There are two ways in which I can apply the three above apps to data:

1. Using apps sequentially like functions
^^^^^^^^^^^^^^^^^^^^^^^^^^^^^^^^^^^^^^^^^

.. jupyter-execute::

    data = loader("data/primate_brca1.fasta")
    just3rd = cpos3(data)
    m = writer(just3rd)

The resulting alignment ``just3rd`` will be written into the ``out_dstore`` directory in fasta format with the same filename as the original data (``"primate_brca1.fasta"``).

.. note::

    ``m`` is a |data_member| of ``out_dstore``.

2. Composing several apps into a multi-step "process"
^^^^^^^^^^^^^^^^^^^^^^^^^^^^^^^^^^^^^^^^^^^^^^^^^^^^^

We can make this simpler by creating a single composed function.

.. jupyter-execute::

    process = loader + cpos3 + writer
    m = process("data/primate_brca1.fasta")

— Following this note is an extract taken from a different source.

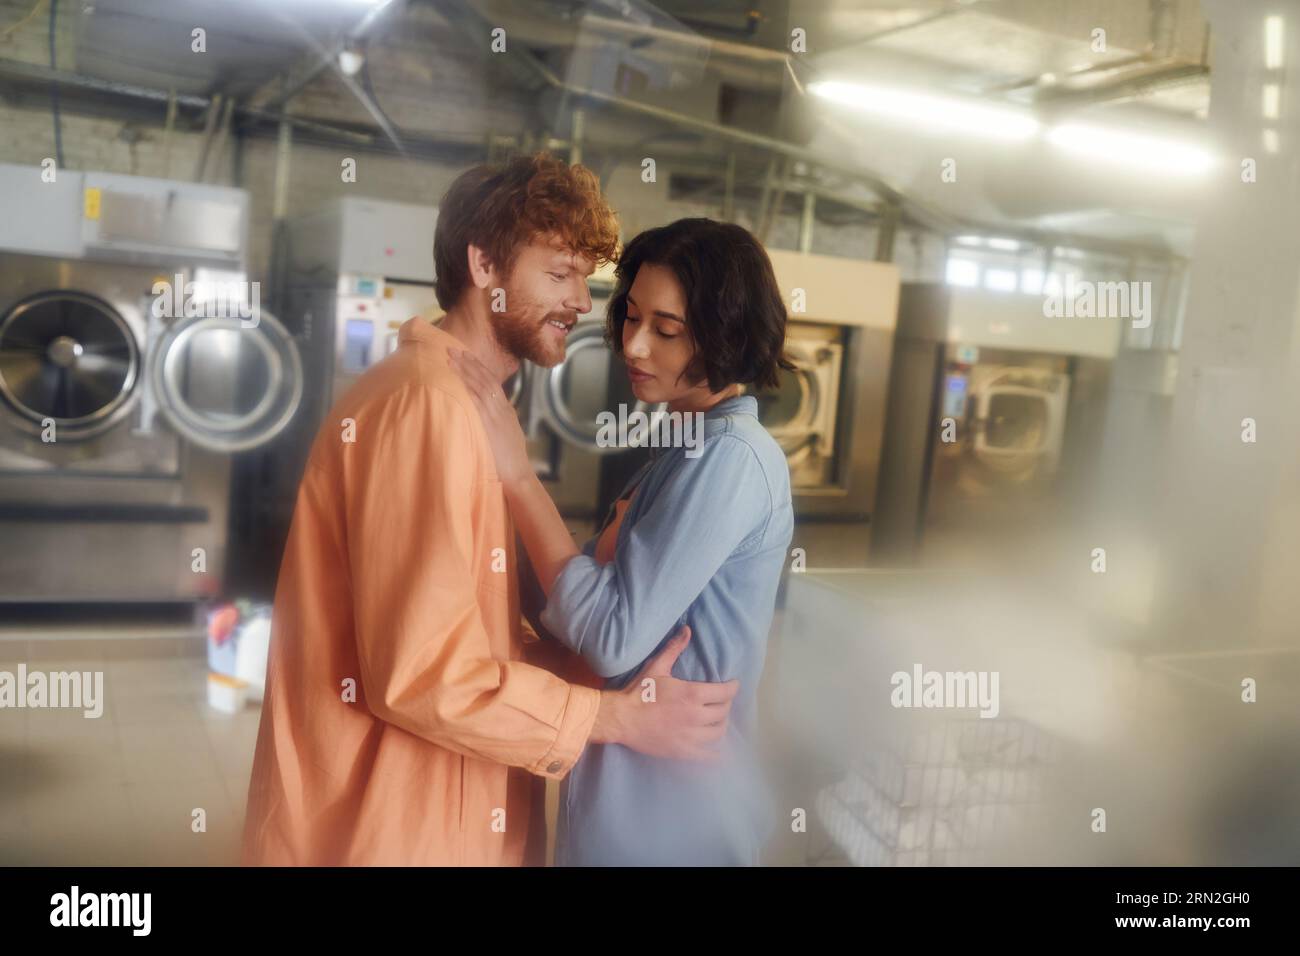 homme roux joyeux serrant une jeune petite amie asiatique dans une blanchisserie publique floue Banque D'Images

Applying a process to multiple data records
^^^^^^^^^^^^^^^^^^^^^^^^^^^^^^^^^^^^^^^^^^^

To apply a composed function to multiple files requires a |data_store|. Using ``open_data_store()`` we identify all data files in a directory that we want to analyse, in the following case, all fasta file in the data directory. ``process`` can be then applied to all records in the data store without having to loop.

.. jupyter-execute::

    dstore = open_data_store("data", suffix="fasta", mode="r")
    result = process.apply_to(dstore)

.. note:: ``result`` is ``out_dstore``.

.. jupyter-execute::
    :hide-code:

    import shutil

    shutil.rmtree(path_to_dir, ignore_errors=True)